• [PROBLEM]: Extract, word for word, each line from the line holding "Candice Swanepoel Poses" through the end of the records. Omit every picture.

Source records:
________________
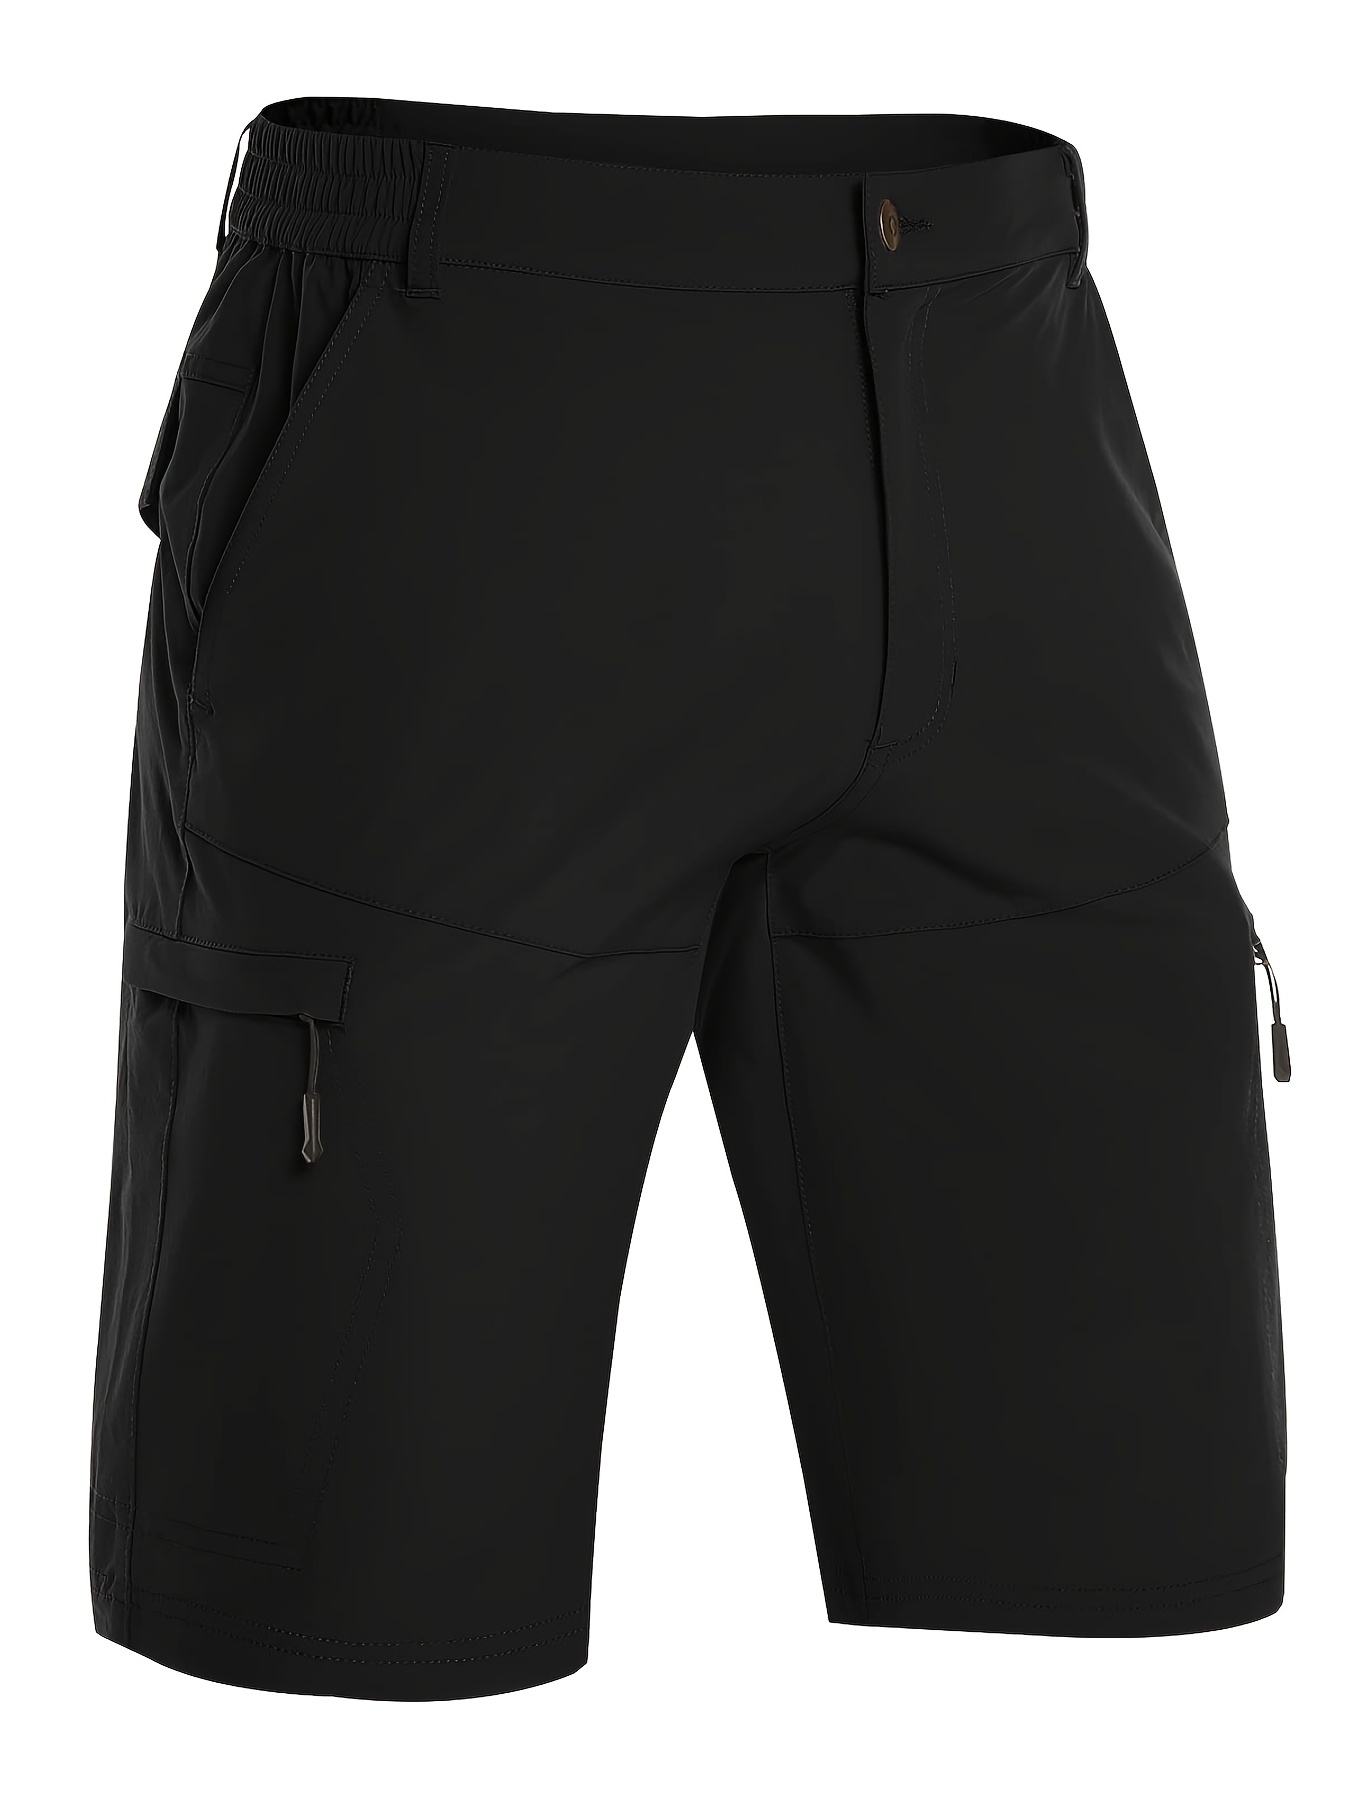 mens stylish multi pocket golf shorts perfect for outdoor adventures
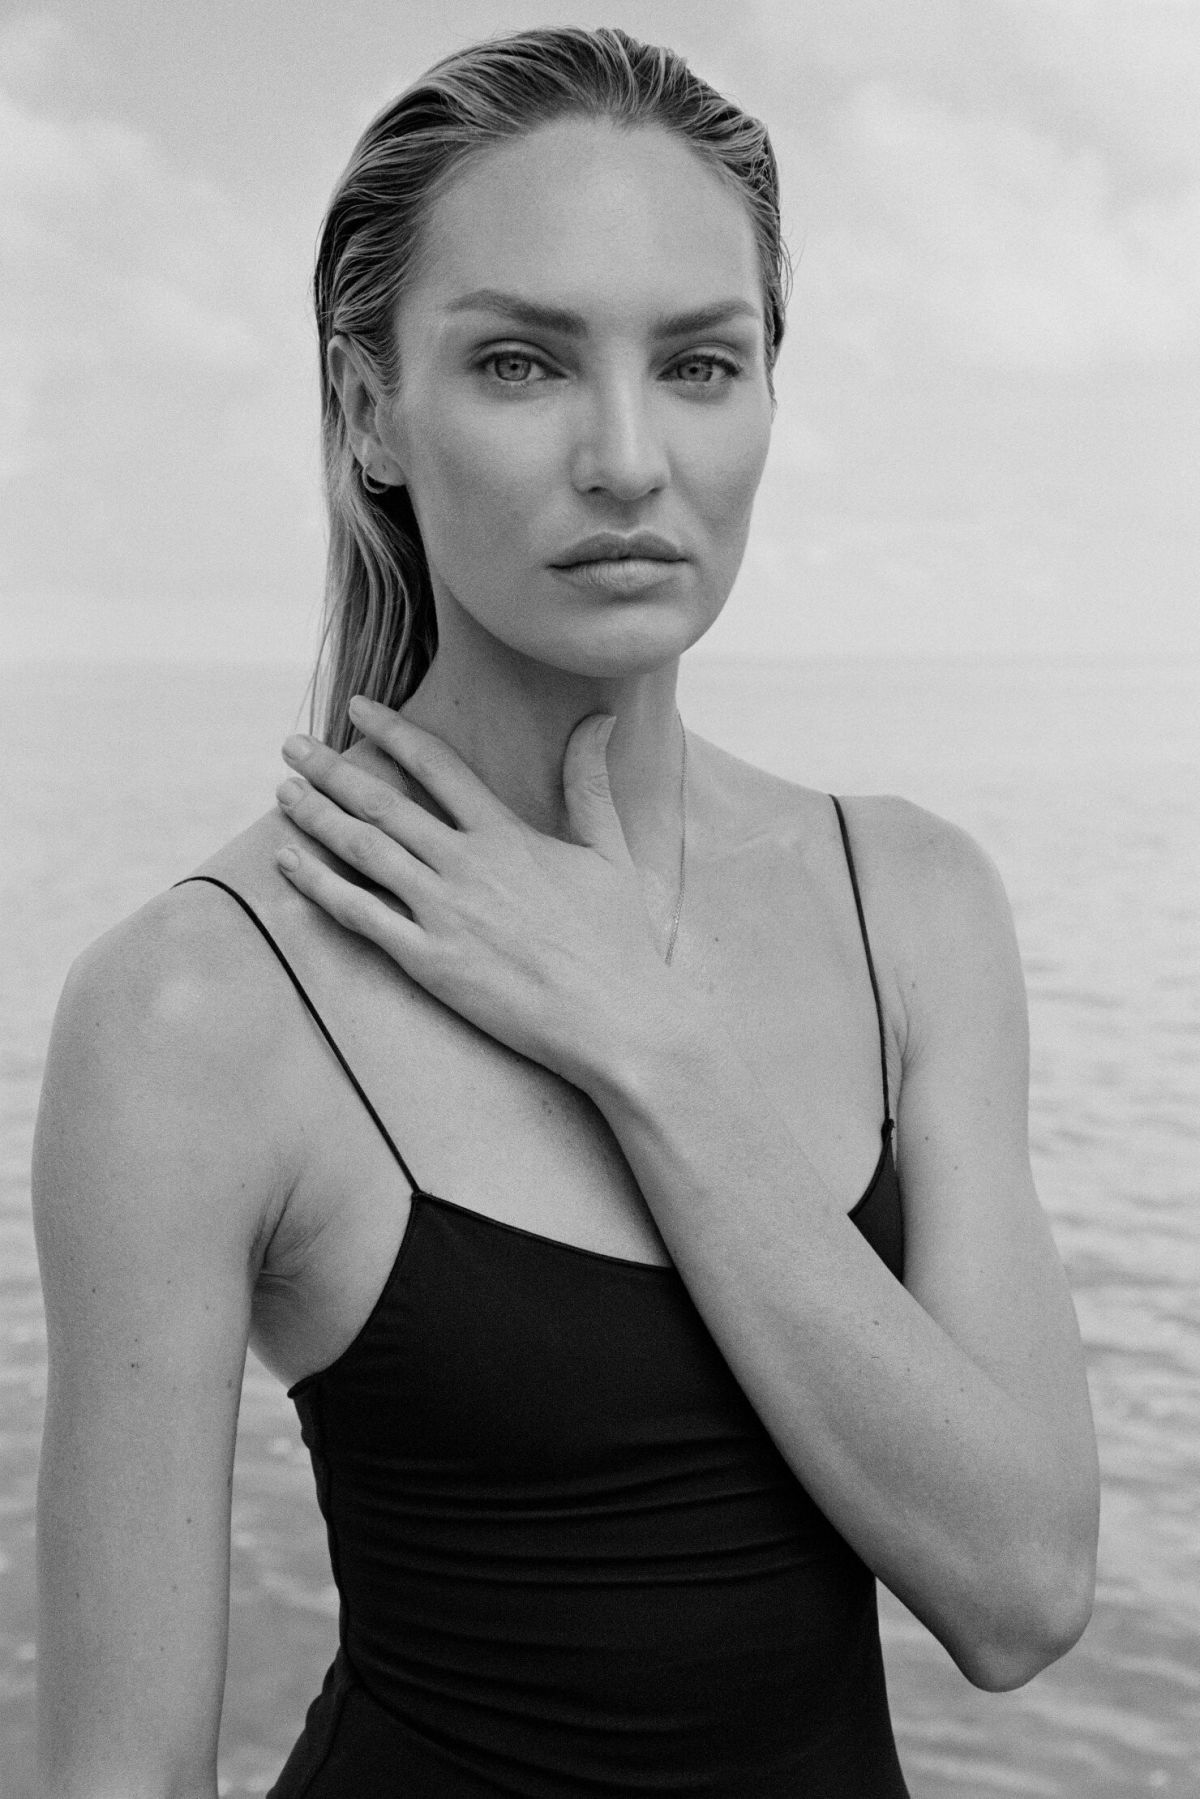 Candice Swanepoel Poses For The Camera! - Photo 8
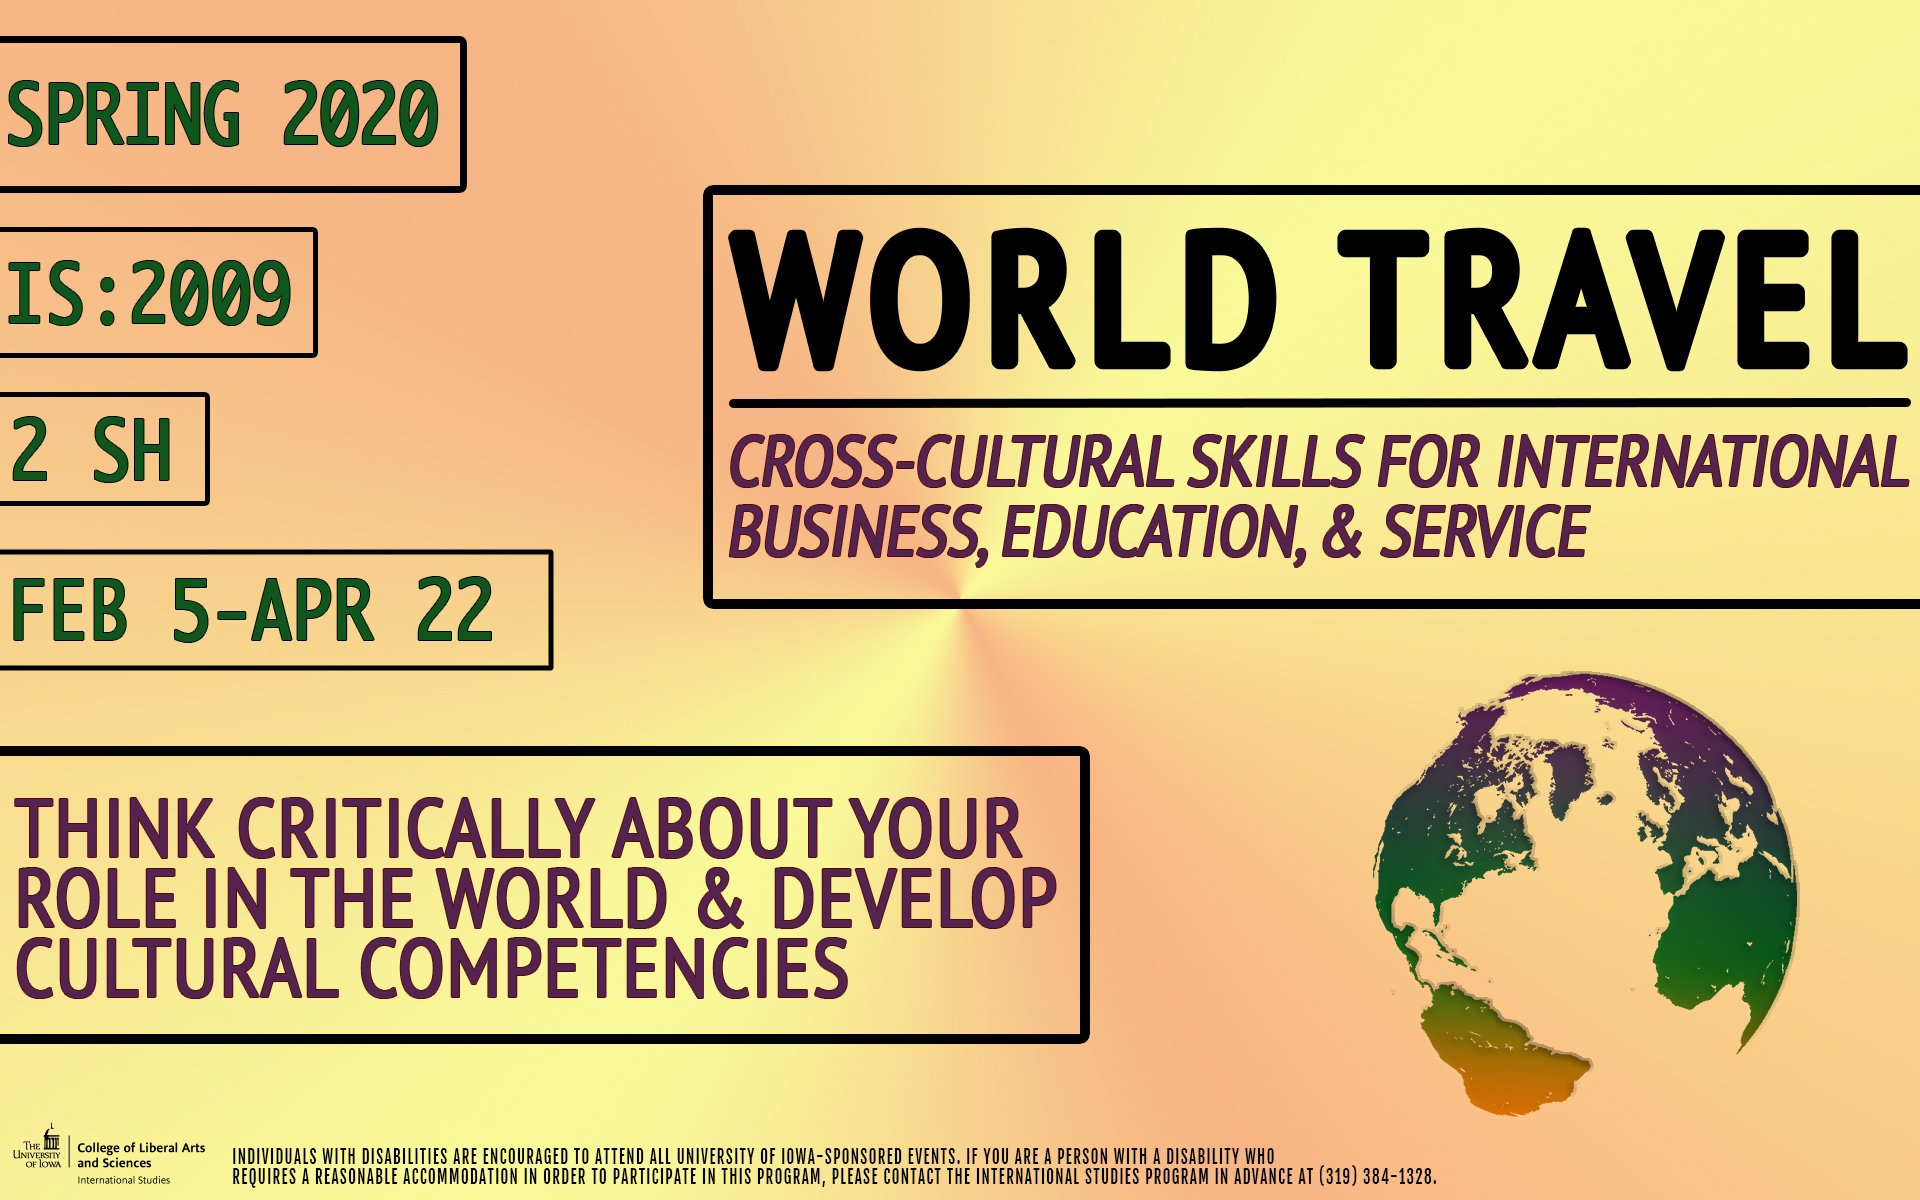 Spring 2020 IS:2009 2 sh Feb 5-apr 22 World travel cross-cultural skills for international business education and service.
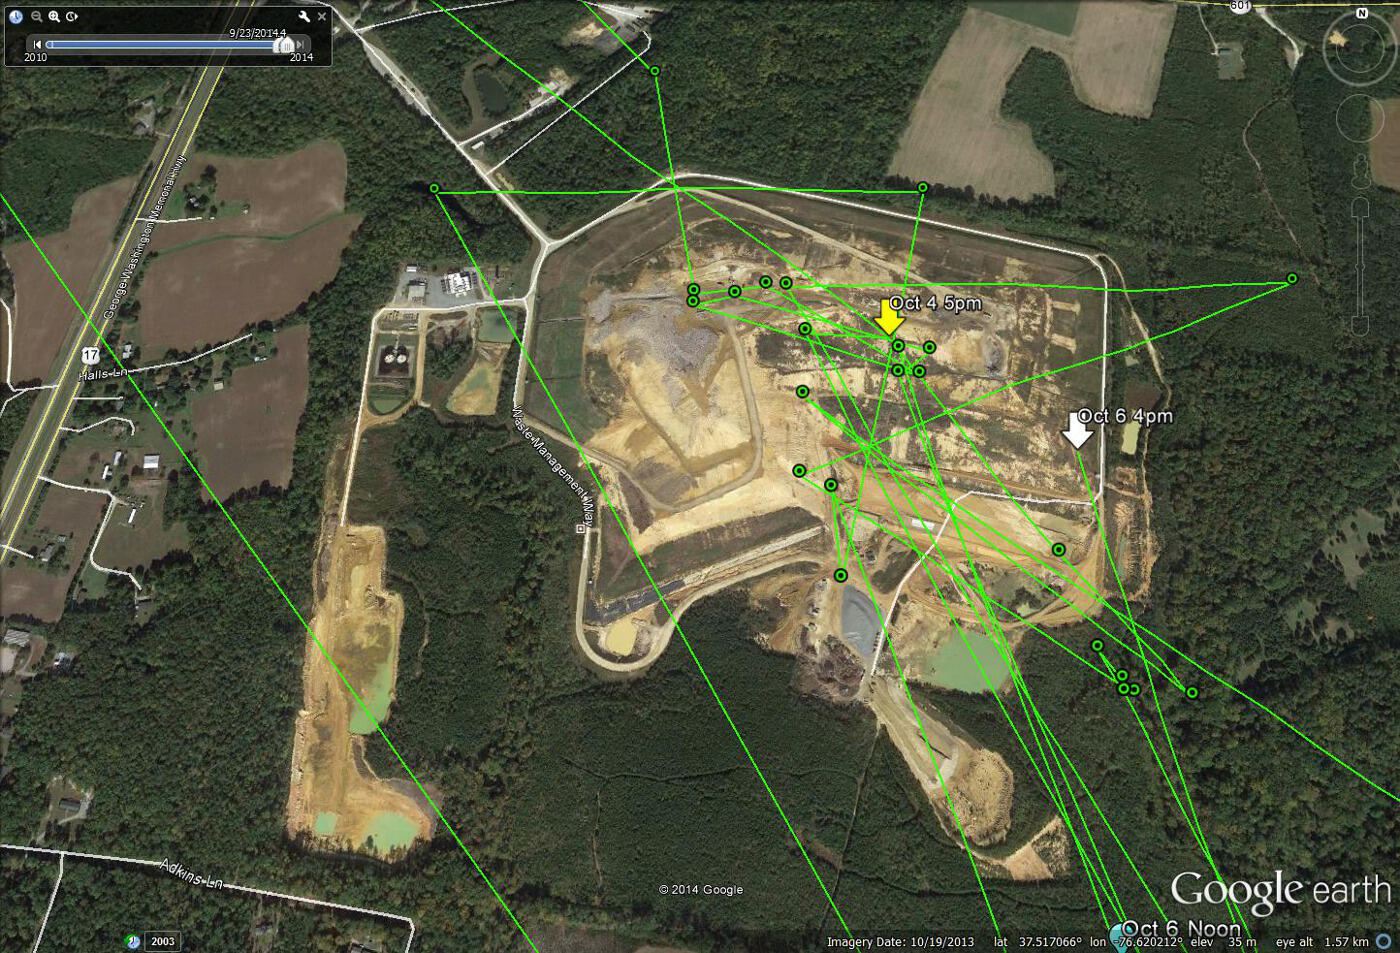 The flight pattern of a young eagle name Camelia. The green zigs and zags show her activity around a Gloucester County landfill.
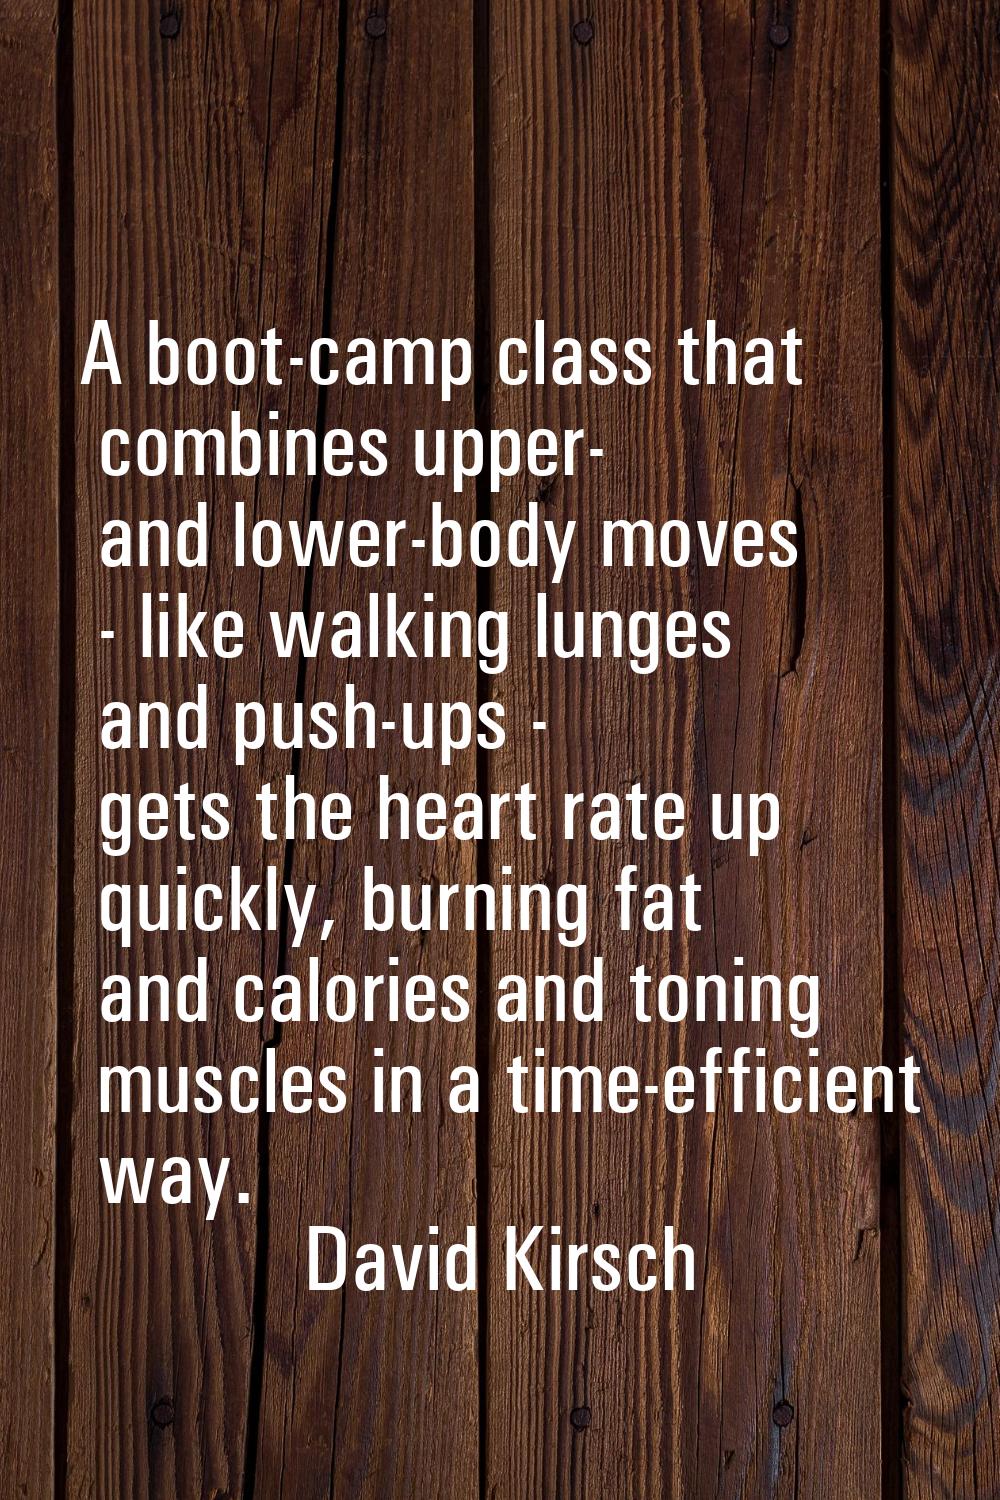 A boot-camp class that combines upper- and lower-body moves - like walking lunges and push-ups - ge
________________
• [WRITTEN RESPONSE]:
 Candice Swanepoel Poses For The Camera! - Photo 8
 Spring 2020 IS:2009 2 sh Feb 5-apr 22 World travel cross-cultural skills for international business education and service.
 The flight pattern of a young eagle name Camelia. The green zigs and zags show her activity around a Gloucester County landfill.
 A boot-camp class that combines upper- and lower-body moves - like walking lunges and push-ups - ge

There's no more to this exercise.